Figure 1 Imaging, histopathological, and behavioral changes in the rat model of SCI. (A) MRI images of sagittal sections of the rat spinal cord showing T1W MRI and T2W MRI at 3 days. MRI of the SCI group shows a T1 hypointense area and a T2 hyperintense area at the injury site. Red arrows indicate abnormal signal areas around the impact point of the spinal cord (a, b). T1W MRI and T2W MRI of the sham group show intact spinal cord tissue (c, d). (B) The images of H&E of across sections of the rat spinal cord at 21 days. Compared to the sham group, the other two groups exhibit varying degrees of hemorrhage, cavitation, necrosis, and inflammatory cell infiltration. The SCI group shows a noticeable blood scab on the spinal cord surface and significant tissue damage at 21 days, whereas the SCI+VSL#3 group shows good recovery with almost restored spinal cord morphology and minimal blood scabs on the surface still healing. (C) Behavioral monitoring assessed by Basso Mouse Scale (BMS) scores and (D) inclined plane test. On the first day post-operation, both the SCI and SCI+VSL#3 groups suffered the same degree of SCI. Over time, the injuries gradually recovered, with the SCI+VSL#3 group showing better recovery in both tests. Data are expressed as x ± s, n = 8 rats for each group. *: Statistically significant compared to the sham group, P < 0.05; #: Statistically significant compared to the SCI group, P < 0.05.

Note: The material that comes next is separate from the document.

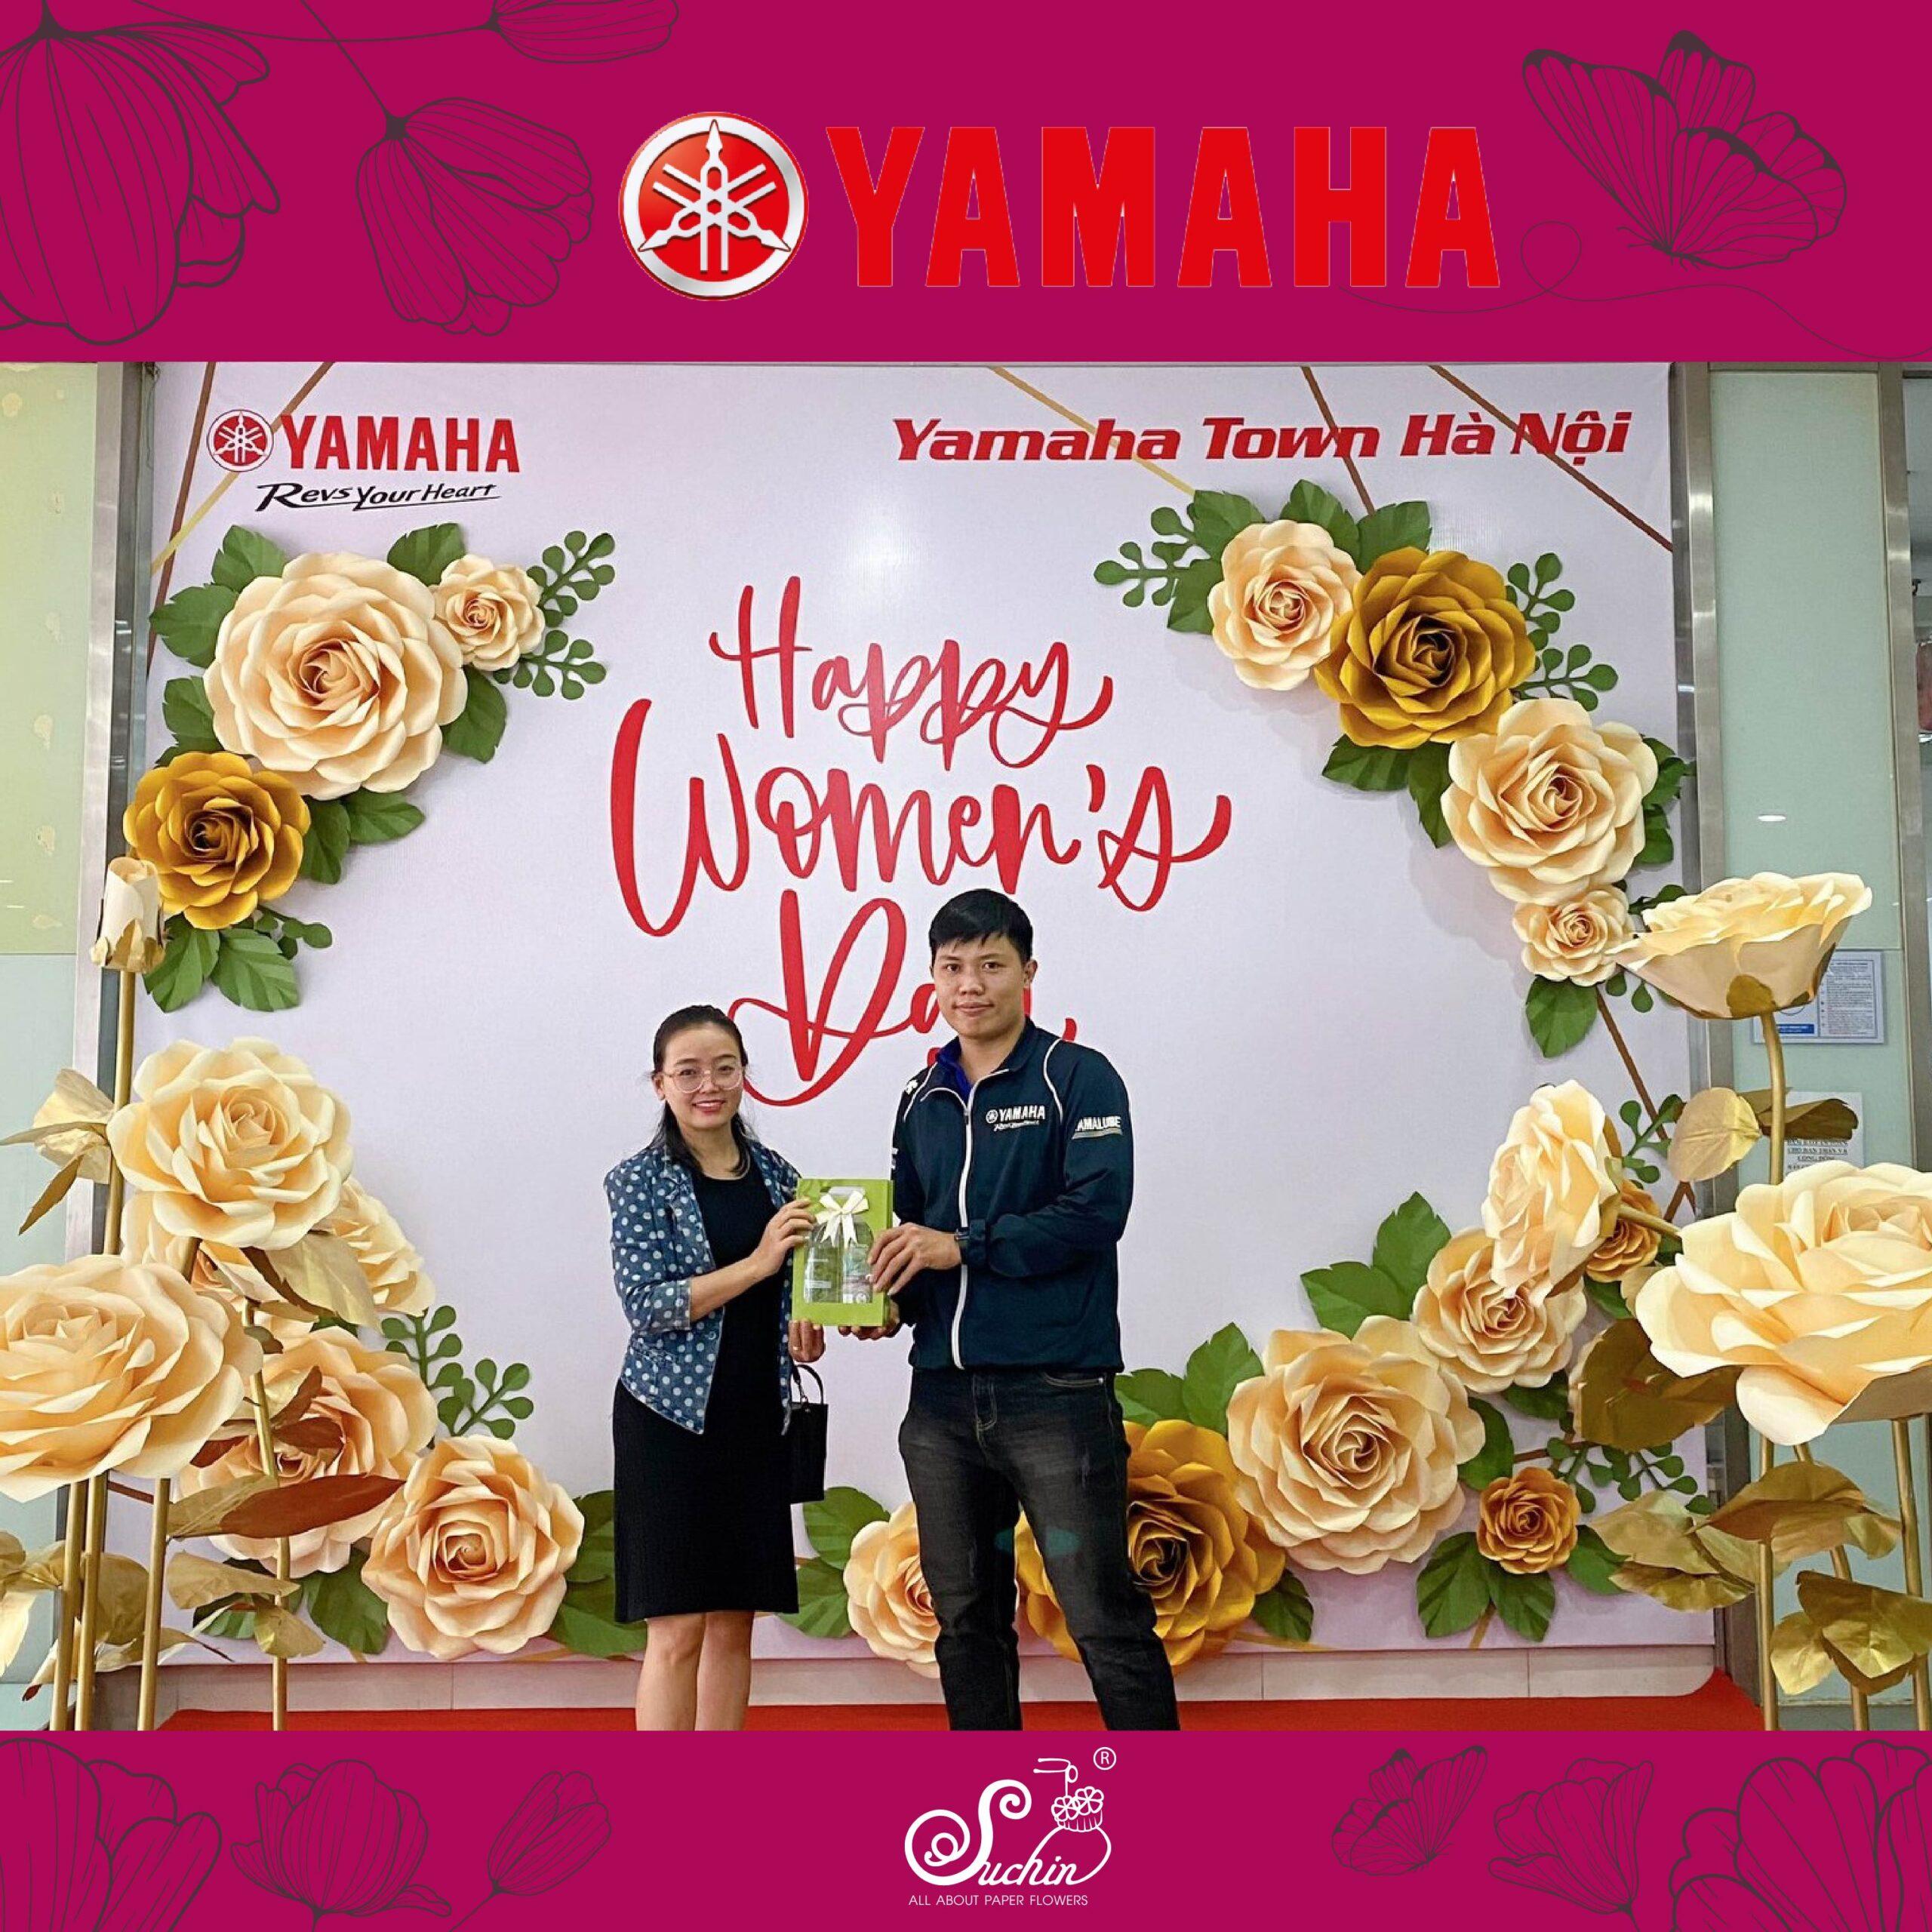 Yamaha Town Hà Nội – Backdrop hoa giấy trang trí 8/3

The Effects of SCI and Probiotics on Gut Microbial Composition

To investigate the effect of probiotics on the gut microbiota of rats, fecal samples were subjected to metagenomic sequencing to compare the microbiota composition of the sham-operated group (n = 8), SCI group (n = 8), and VSL group (n=8). Alpha diversity indices were used to compare microbial richness. As shown in Figure 2A, compared to the sham group, the Chao1 index, ACE index, and Observed species index were significantly decreased in both the SCI group and the VSL group. The rarefaction curve showed clear asymptotes in all three groups (Figure 2B), Good’s coverage index is close to 1, which indicated that the sequencing data was reasonable. Beta-diversity analysis was conducted based on Bray-Curtis dissimilarity. The results of PCoA analysis showed significant differences in bacterial colony composition among the samples of the SCI group, the sham-operated group, and VSL group (Figure 2C). These results indicated that SCI significantly reduced gut microbiota diversity in rats.

Figure 2 α-Diversity and β-Diversity of the gut microbiota. (A) α-Diversity analysis using Kruskal–Wallis rank sum test with Dunn’s test for post-hoc analysis (Chao1 index, ACE index, Observed species index). (B) Rarefaction curves depict microbial diversity in intestinal samples from three groups, showing the number of observed taxa with increasing sequencing depth. (C) β-Diversity analysis based on Bray-Curtis distance. n = 8 rats for each group. **: P < 0.01; ***: P < 0.001.

Based on the species annotation results, the top ten species of various groups were selected at the genus level (Figure 3A). We found that Enterenecus, UBA3282, Lawsonibacter, Pelethomonas, Ligilactobacillus, COE1, Dysosmobacter, Lactobacillus, Acetatifactor, and Limosilactobacillus were dominant in all rat gut microbiomes. Comparatively, the abundance of Lactobacillus, Acetatifactor, Limosilactobacillus, and Ligilactobacillus in the SCI group was significantly lower than that in the sham group. However, after the application of probiotics, the abundance of these genera increased significantly.

Figure 3 Changes in gut microbiota composition after SCI. (A) Circos plot showing the taxonomic composition at the genus level of the gut microbiota (n=8 per group). (B) Venn diagram displaying the number of shared and unique gut microbiota among different groups. (C) Partial least squares discriminant analysis (PLS-DA) of rat gut microbiota for dimensionality reduction. (D) LEfSe generated cladogram to identify bacterial taxa with significant differences between groups. The diameter of each node is proportional to the relative abundance of that taxon (LDA > 3.85 and P < 0.05). (E) Random forest analysis at the genus level. n = 8 rats for each group.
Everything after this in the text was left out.